Despite the significant progress, the translation of theranostics into routine clinical practice faces challenges, including the need for standardized imaging protocols, biomarker validation, and regulatory considerations. Additionally, there is a continuous need for research and development to further enhance the effectiveness and accessibility of theranostic approaches in oncology.

=== Neurology and cardiology ===
Theranostics extends beyond oncology and holds potential in the fields of neurology and cardiology. In neurology, theranostic approaches offer new avenues for the diagnosis and treatment of various neurodegenerative diseases, such as Alzheimer's disease, Parkinson's disease, and multiple sclerosis. Advanced imaging techniques, including magnetic resonance imaging (MRI) and positron emission tomography (PET), allow for the visualization of neuroanatomy, functional connectivity, and molecular changes in the brain. This enables early detection, precise diagnosis, and monitoring of disease progression, facilitating the development of targeted therapeutic interventions.

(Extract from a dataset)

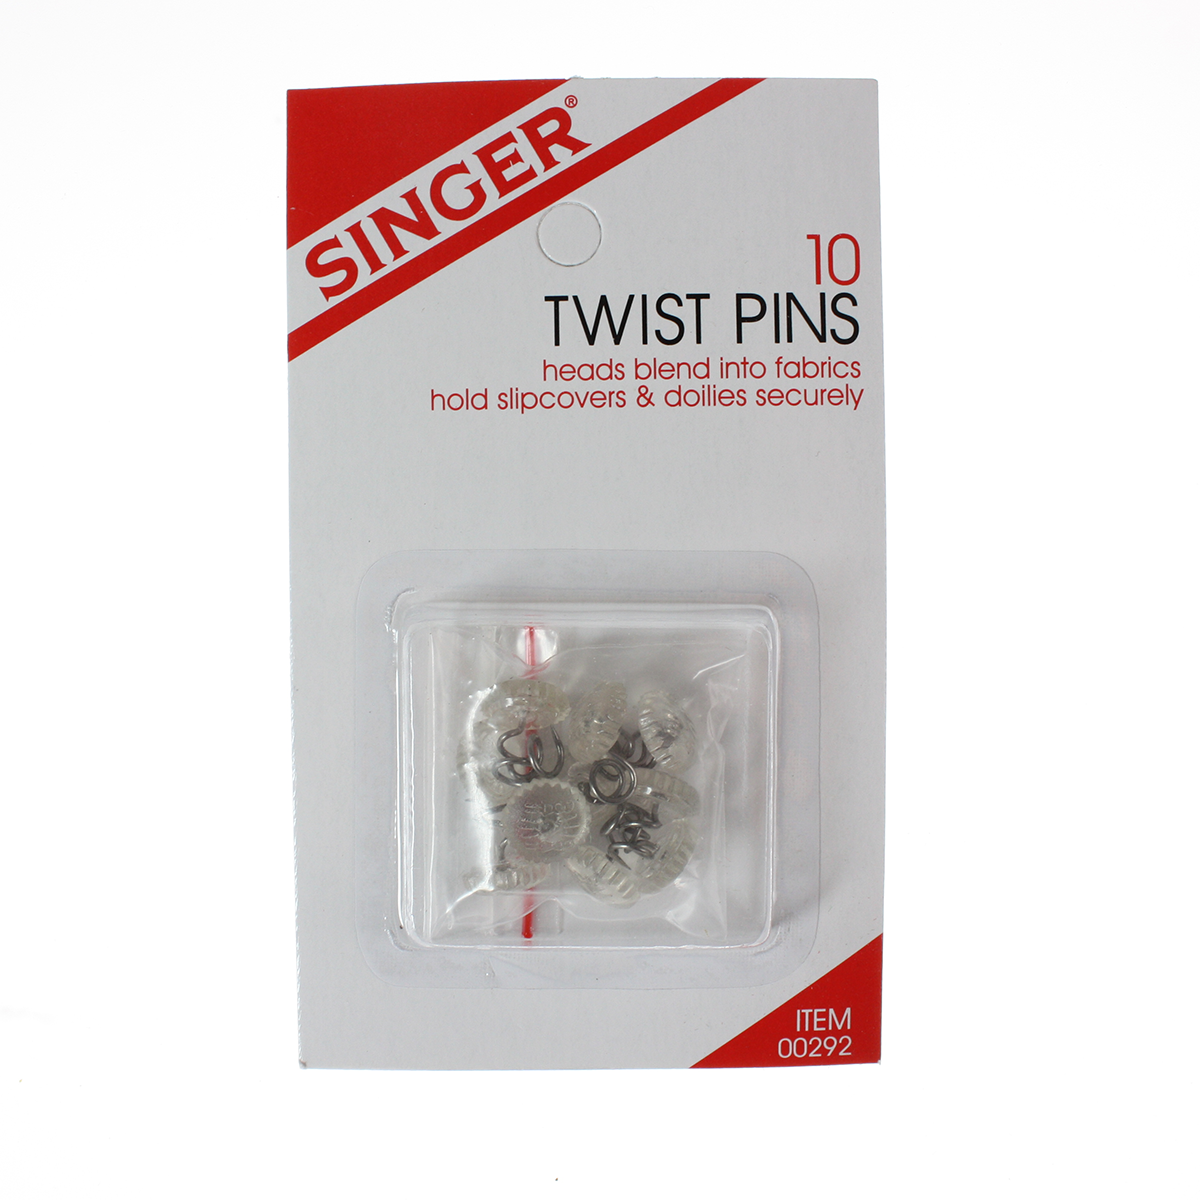 Singer Upholstery Twist Pins, 10pk (Case of 48)*

Similarly, in cardiology, theranostics play a significant role in the diagnosis and treatment of cardiovascular conditions. Non-invasive imaging modalities like MRI and computed tomography (CT) provide detailed information about cardiac structure, function, and blood flow, aiding in the assessment of heart disease and the guidance of interventions. Theranostic approaches in cardiology involve targeted drug delivery systems for the treatment of conditions such as atherosclerosis and restenosis, as well as image-guided interventions for precise stenting or catheter-based therapies.

=== Research directions ===
Several challenges remain to be addressed for widespread adoption and integration of theranostics into routine clinical practice. Regulatory considerations will play a role in ensuring the safety, efficacy, and quality of theranostic agents and technologies. Harmonization of regulations across different countries and regions is necessary to facilitate global implementation. Cost-effectiveness is a significant challenge, as theranostic approaches can be expensive. Strategies to optimize resource utilization and reimbursement models have been discussed. Technical limitations, such as the development of more specific and sensitive imaging agents, improvement of imaging resolution and quality, and the integration of different imaging modalities, require ongoing research and technological advancements. Ethical considerations surrounding patient privacy, data security, and the responsible use of patient information need to be addressed.